United States District Court, W.D. Pennsylvania
Oct 18, 2010
Civil Action No. 10-767 (W.D. Pa. Oct. 18, 2010)

Opinion

Civil Action No. 10-767.

October 18, 2010


MEMORANDUM


This is an action in civil rights. Plaintiff, Brittany Toplisek, alleges that defendants retaliated against her for filing complaints against them. Plaintiff further contends that this retaliation violated her First Amendment rights pursuant to Section 1983 of the Civil Rights Act ("Section 1983"). See 42 U.S.C. § 1983. Plaintiff seeks monetary relief, including punitive damages, attorney's fees and costs, pre and post judgment interest, delay damages, and damages for emotional distress. She also seeks reformation of her school records and letters of good reference.

Defendants are Canon McMillan School District ("Canon-McMillan"); Dr. Nick Bayat, Superintendent of Canon-McMillan; Linda Nichols, former principal of Canon McMillan High School; Michele Moeller, softball coach of Canon McMillan High School Varsity Team; Steven Moskal, head softball coach of Canon McMillan High School Varsity Team; and David Helsinki, current principal of Canon McMillan High School. Plaintiff asserts claims against the individual defendants in their individual and official capacities.

In a related cause of action brought by plaintiff alleging violations of Section 1983 and other federal violations for failing to adequately investigate, supervise, and train employees, and for failing to effectuate and follow policies and procedures, this court granted defendants' motion for summary judgment. See Maier v. Canon McMillan School District, No. 08-154, 2009 WL 2591098, at * 1 (W.D. Pa. Aug, 20, 2009). This case is now pending appeal in the Court of Appeals for the Third Circuit.

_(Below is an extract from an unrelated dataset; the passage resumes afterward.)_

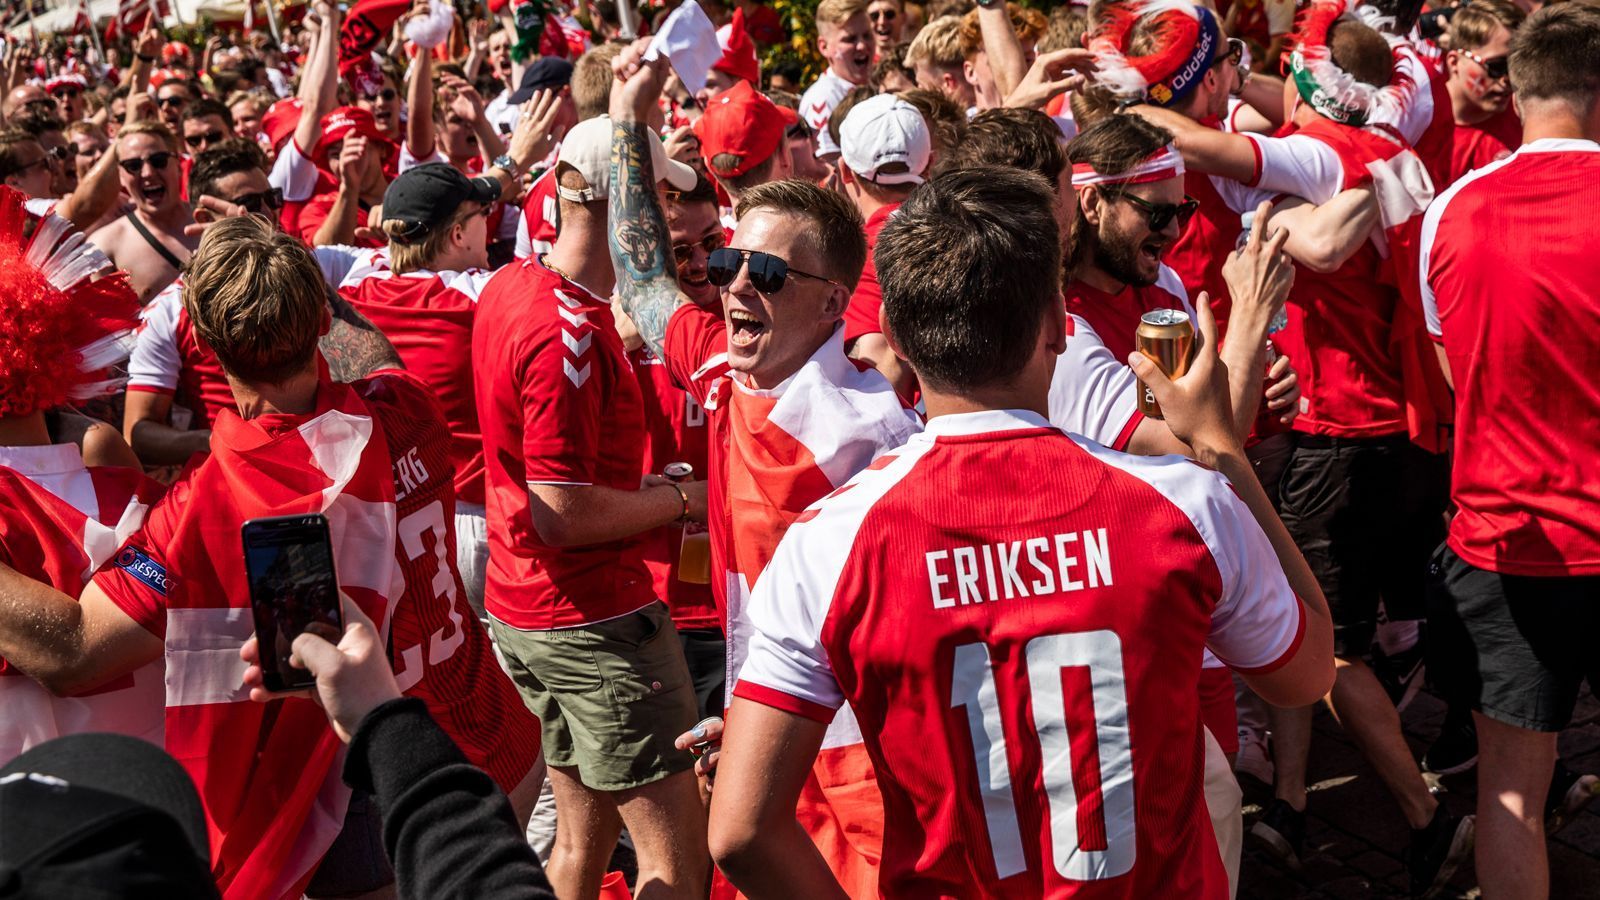 
                <strong>Gute Stimmung</strong><br>
                Christian Eriksen lebt - das war am Samstag die schönste und wichtigste Nachricht des Spiels gegen Finnland. Deshalb sind die Fans auch am Donnerstag vor dem Spiel gegen Belgien in Feierstimmung.

Before the court are defendants' motions to dismiss pursuant to Fed.R.Civ.P. 12(b)(6). [doc. nos. 9, 11]. For the reasons that follow, defendants' motions will be granted in part and denied in part.

I. BACKGROUND

We accept the following relevant material facts set forth in the complaint as true solely for the purpose of rendering an opinion on the motions to dismiss.

At all relevant times, plaintiff, Brittany Toplisek, was a student attending Canon McMillan High School and a member of the school's softball team. On February 13, 2006, plaintiff's parents met with Ms. Nichols, the principal of Canon McMillan High School at the time, and Ms. Moeller, the softball coach of the varsity team. They discussed the parents' concerns about an inappropriate relationship between plaintiff and Justin Bedillion, the volunteer softball coach.

Starting in 2005 and continuing into 2006, plaintiff was subjected to a series of sexual advances by a volunteer softball coach, Justin Bedillion, occurring both in the school building where plaintiff attended classes and during or following school functions outside of the school building. A series of acts of sexual intercourse between plaintiff and Bedillion took place until approximately August 2006. Bedillion was arrested and charged with committing sexual offenses against plaintiff and another student at Canon McMillan High School on or about December 2006. Bedillion was subsequently convicted of sexual offenses against plaintiff in the Court of Common Pleas of Washington County. See Maier v. Canon McMillan School District, No. 08-154, 2009 WL 2591098 (W.D. Pa. Aug. 20, 2009).

On or about February 4, 2008, plaintiff filed a lawsuit in federal court against Canon-McMillan and several of its agents and employees, including defendants Dr. Nick Bayat, Linda Nichols, and Michele Moller. Plaintiff alleges that, after she filed the complaint, defendants, its agents and/or employees, and other students, made inappropriate comments directly to her. Plaintiff reported the comments to all defendants; however, defendants did not discipline those offending individuals, contrary to school policy. Plaintiff also complained to all defendants that she was treated differently than other members of her school softball team.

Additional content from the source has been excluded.